*Task to complete:*
Each line below must be transcribed exactly, and no picture may appear in the transcription.

======== Supplied material ========

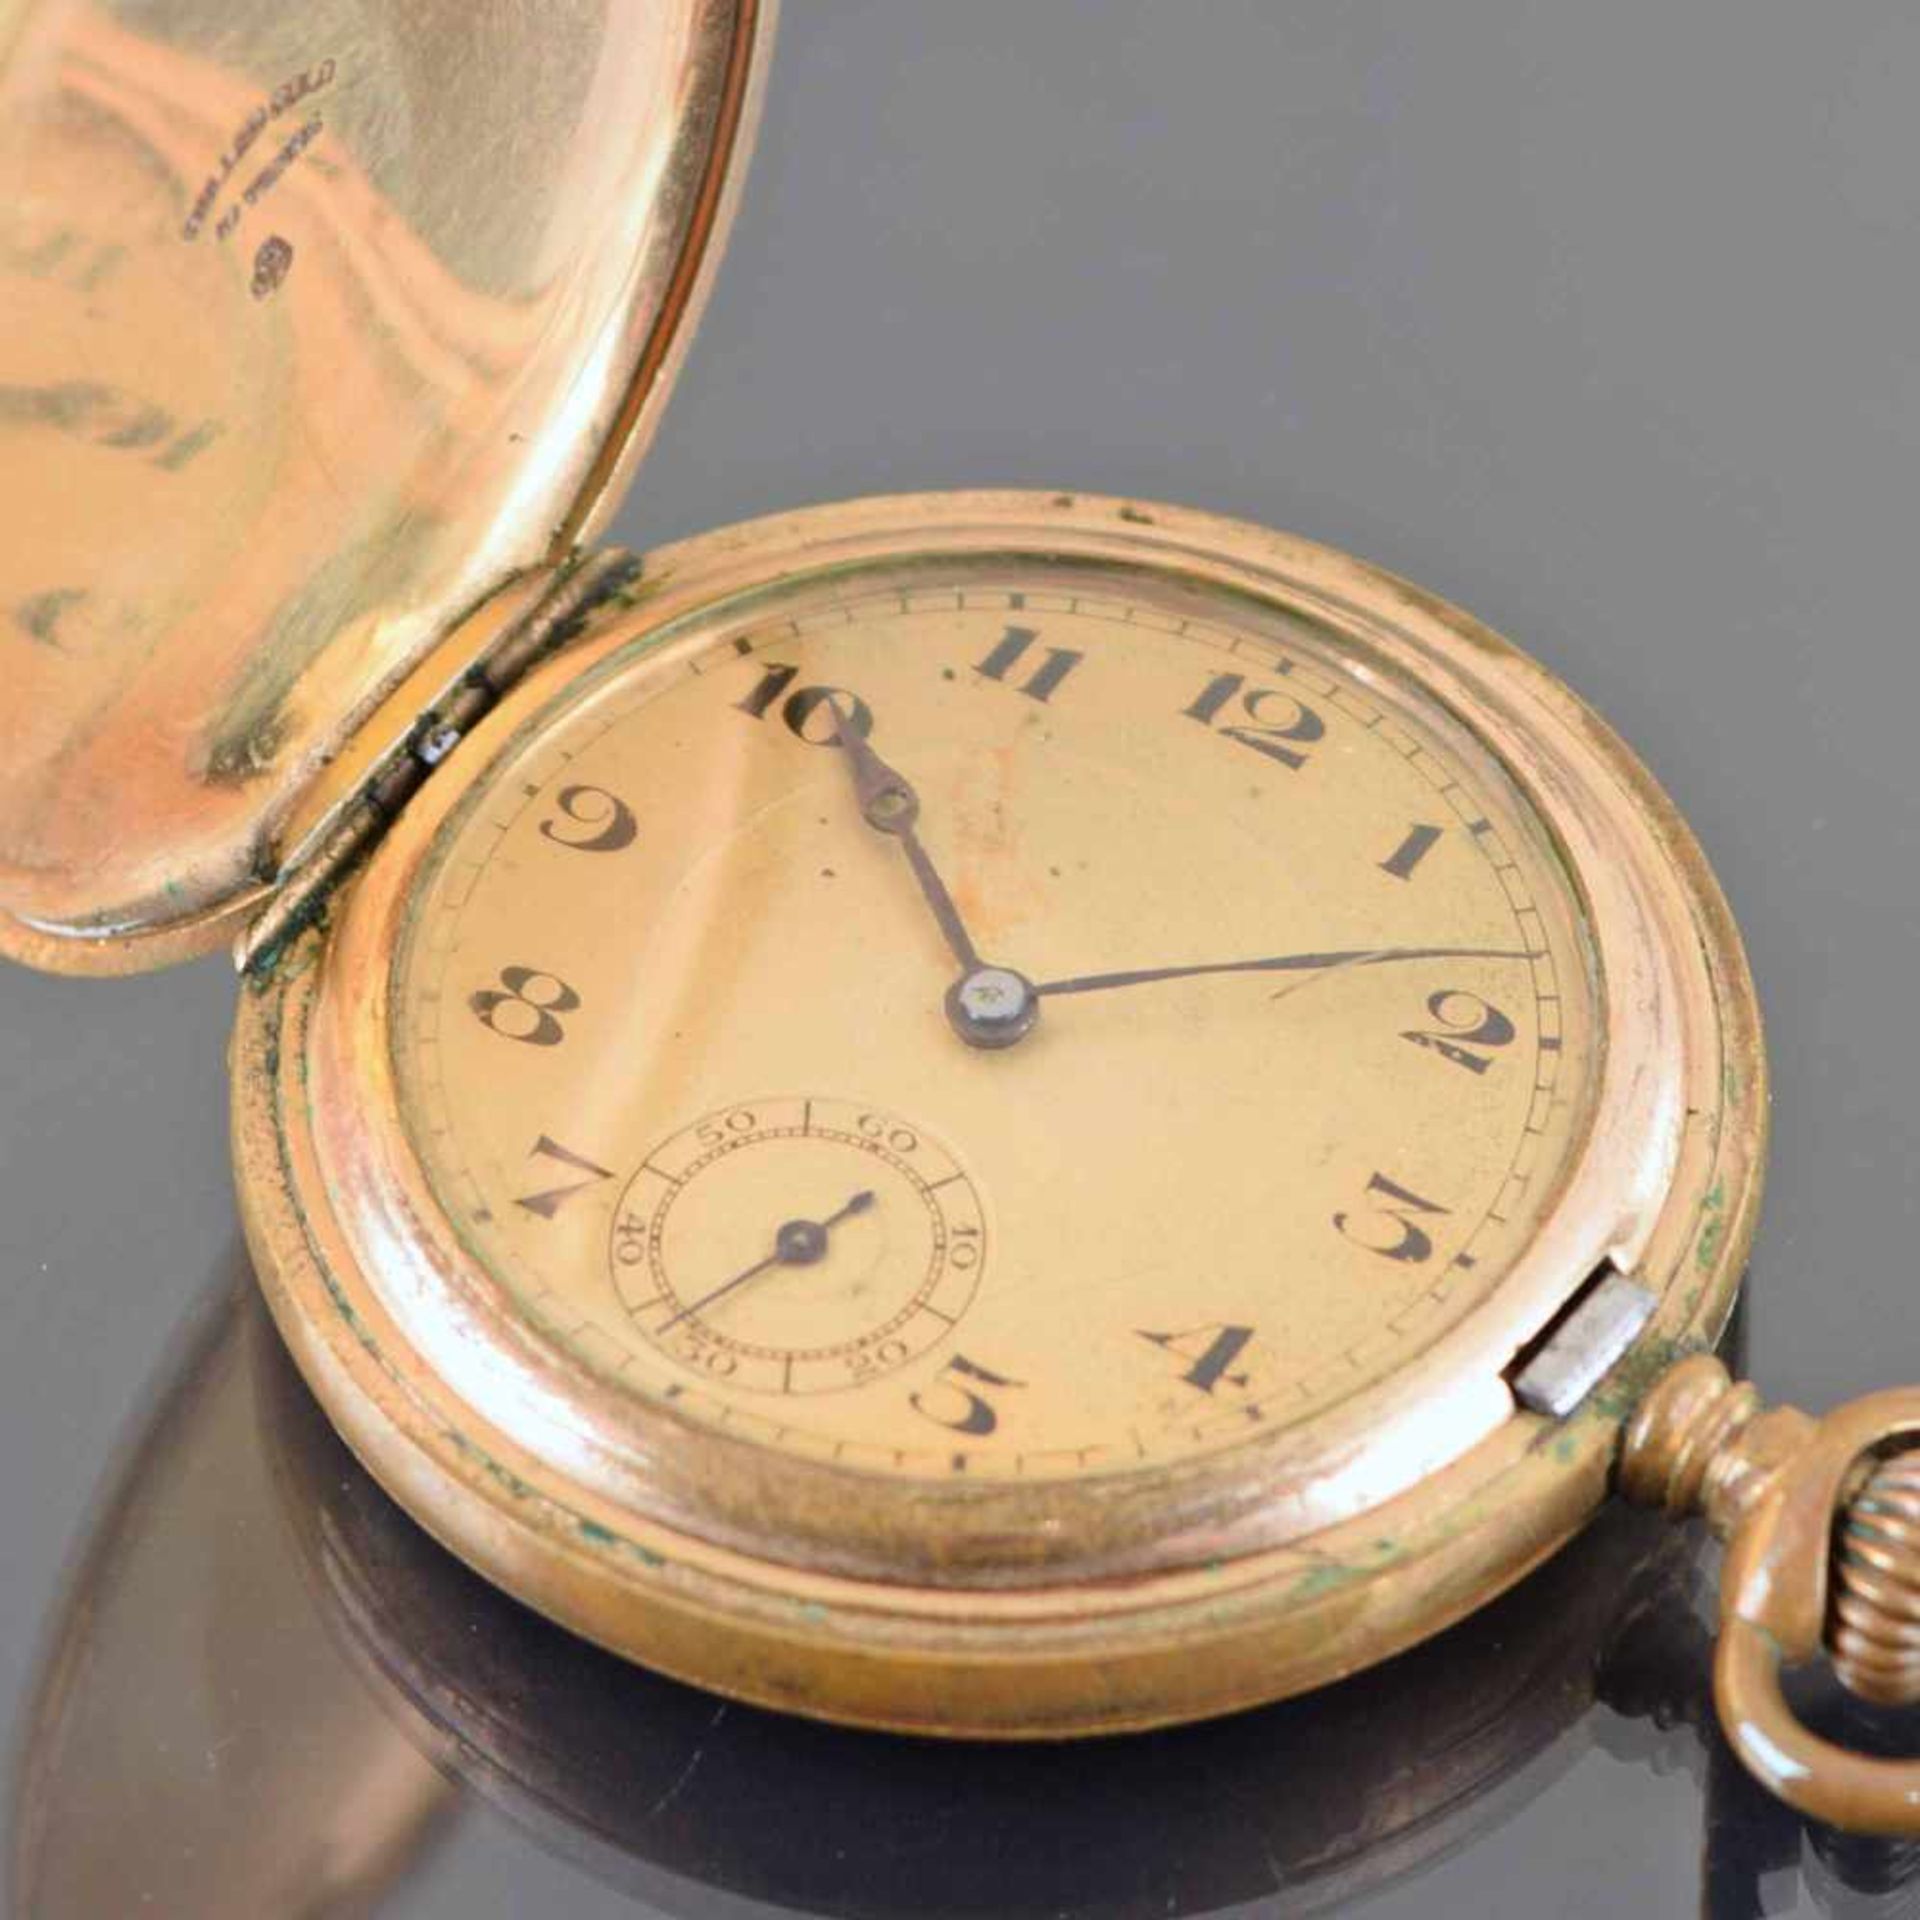 Sprungdeckeltaschenuhr Metallgehäuse vergoldet, Handaufzug, Stunde, Minute und kleine Sekunde auf
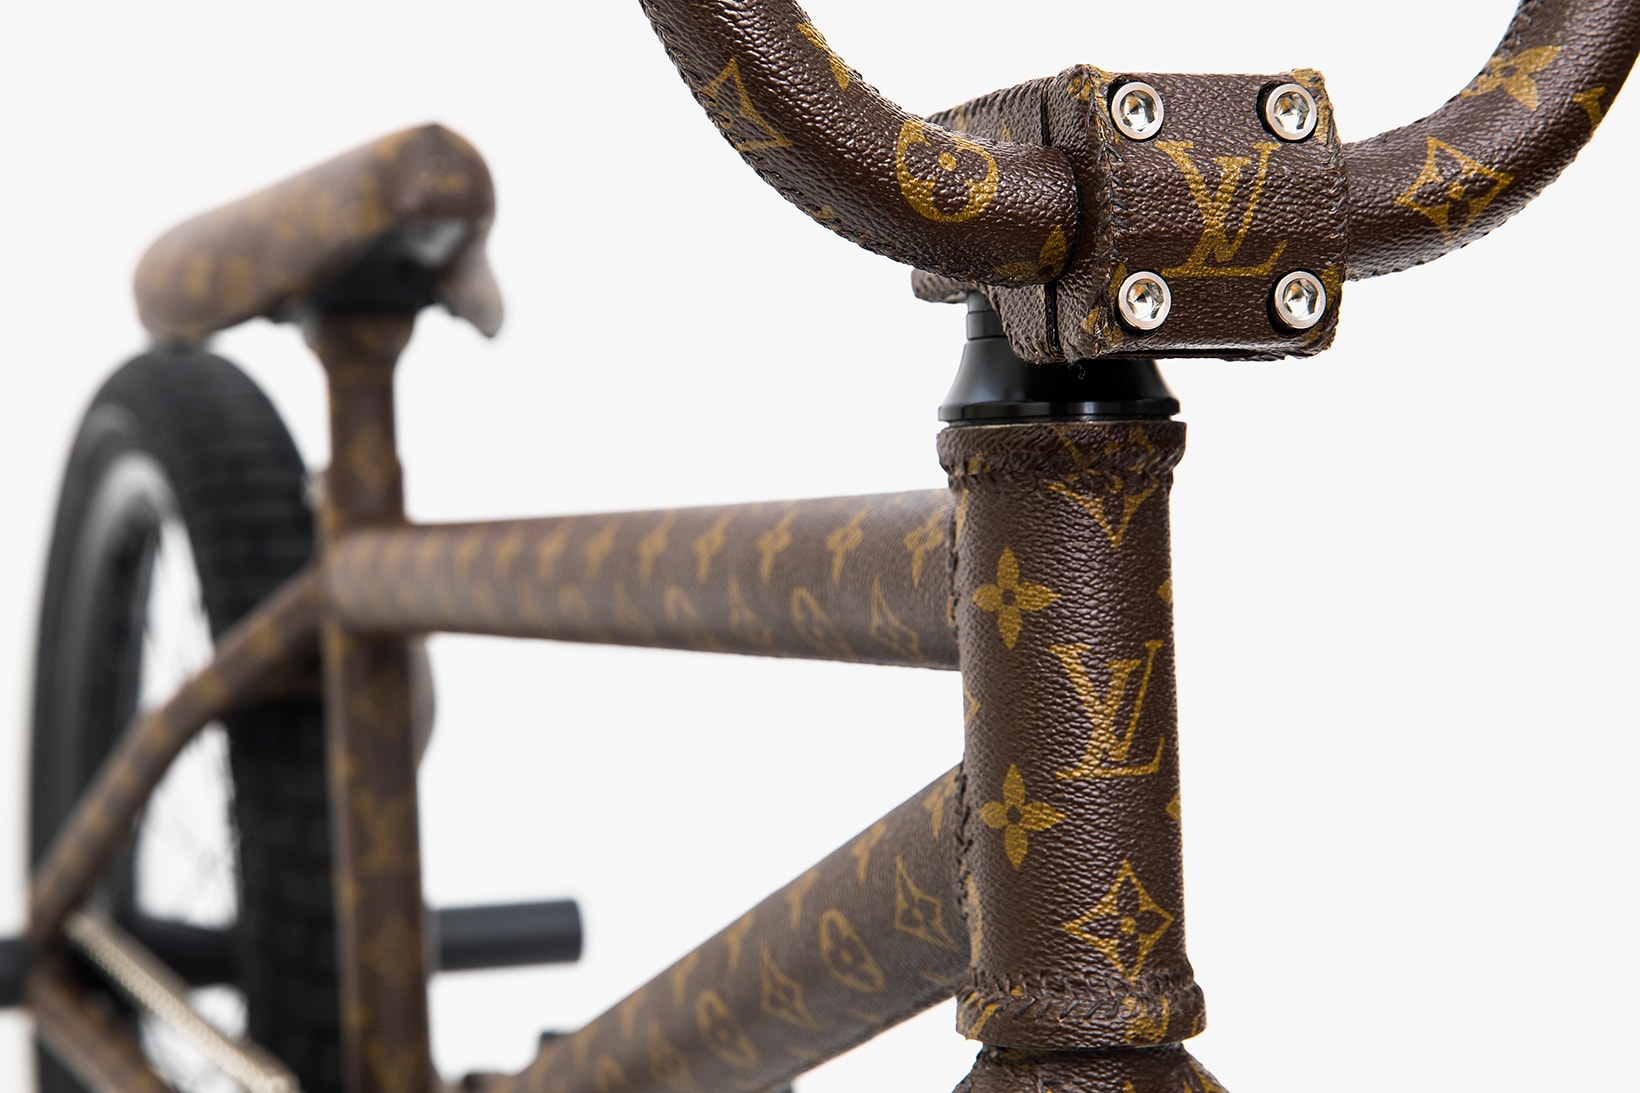 Louis Vuitton Bmx Bike! 
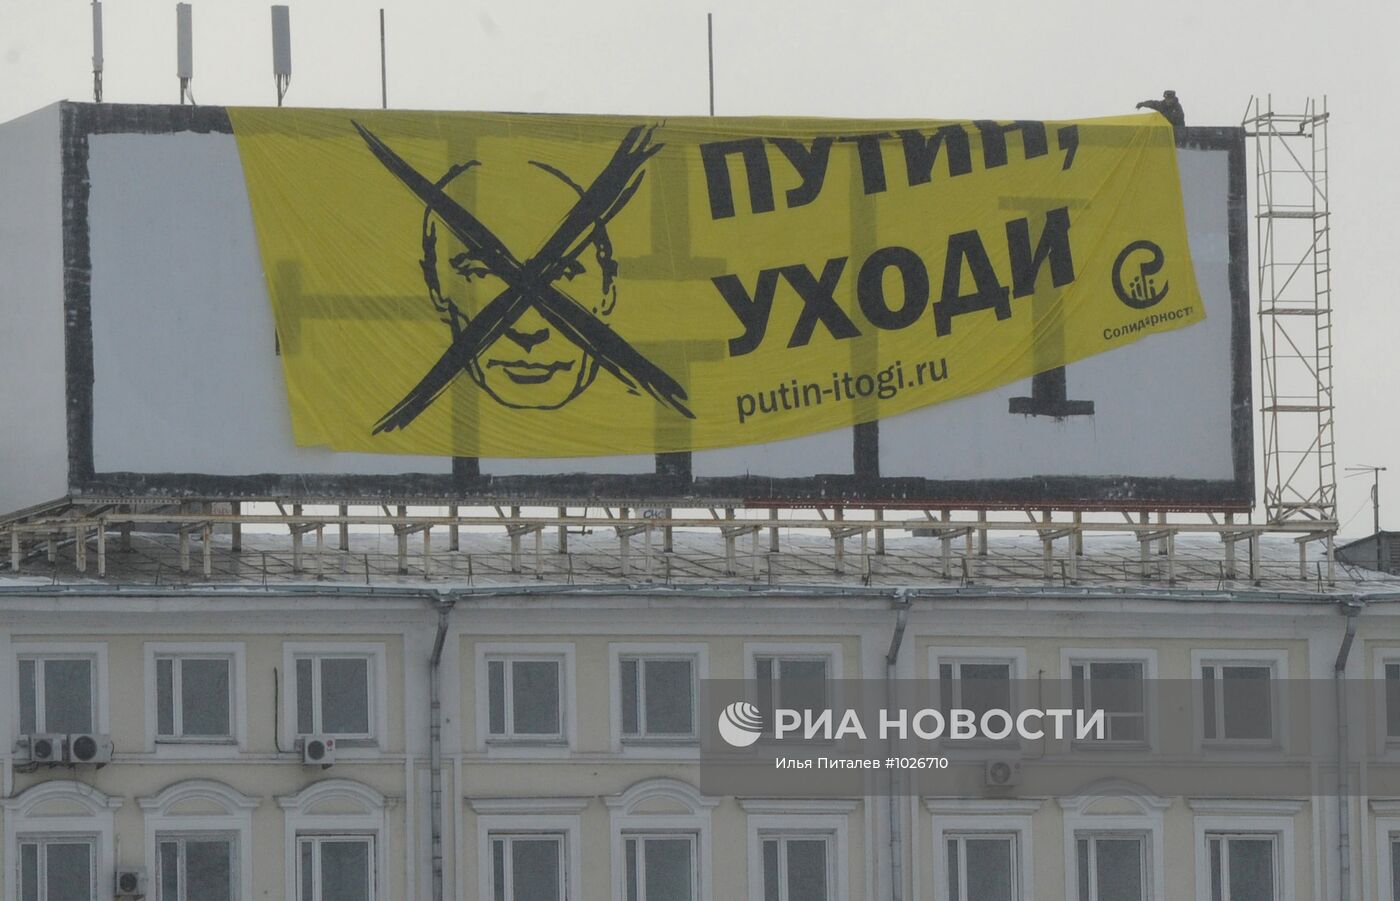 Баннер с изображением В. Путины вывесили напротив Кремля
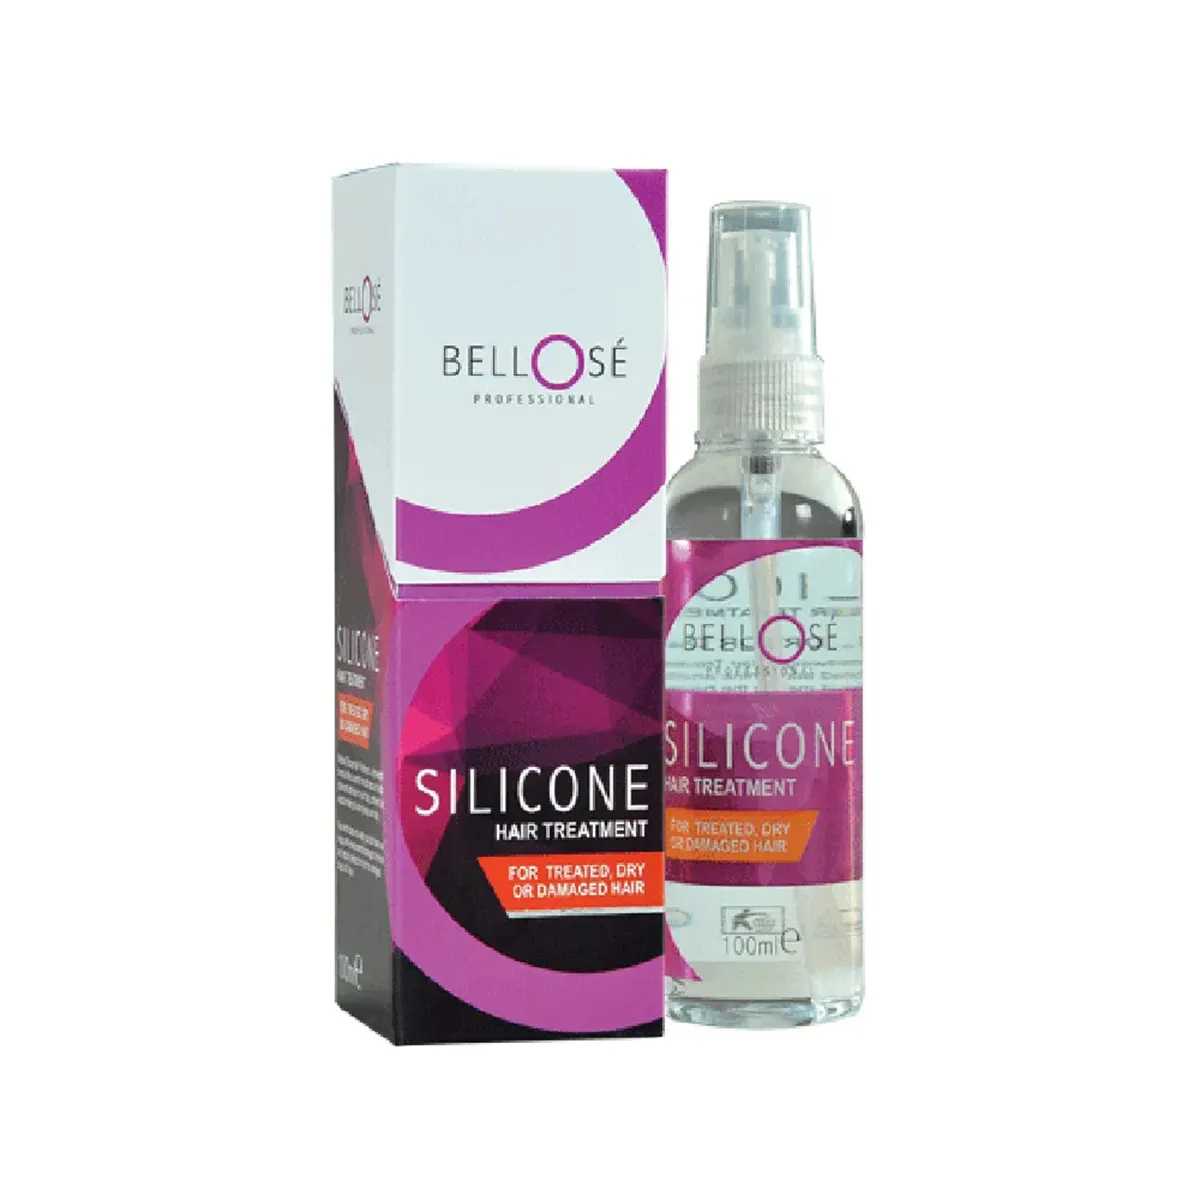 Bellose Silicone Hair Treatment 100ml

========

*Finished task:*
 Sprungdeckeltaschenuhr Metallgehäuse vergoldet, Handaufzug, Stunde, Minute und kleine Sekunde auf
 Louis Vuitton Bmx Bike! 
 Баннер с изображением В. Путины вывесили напротив Кремля
 Bellose Silicone Hair Treatment 100ml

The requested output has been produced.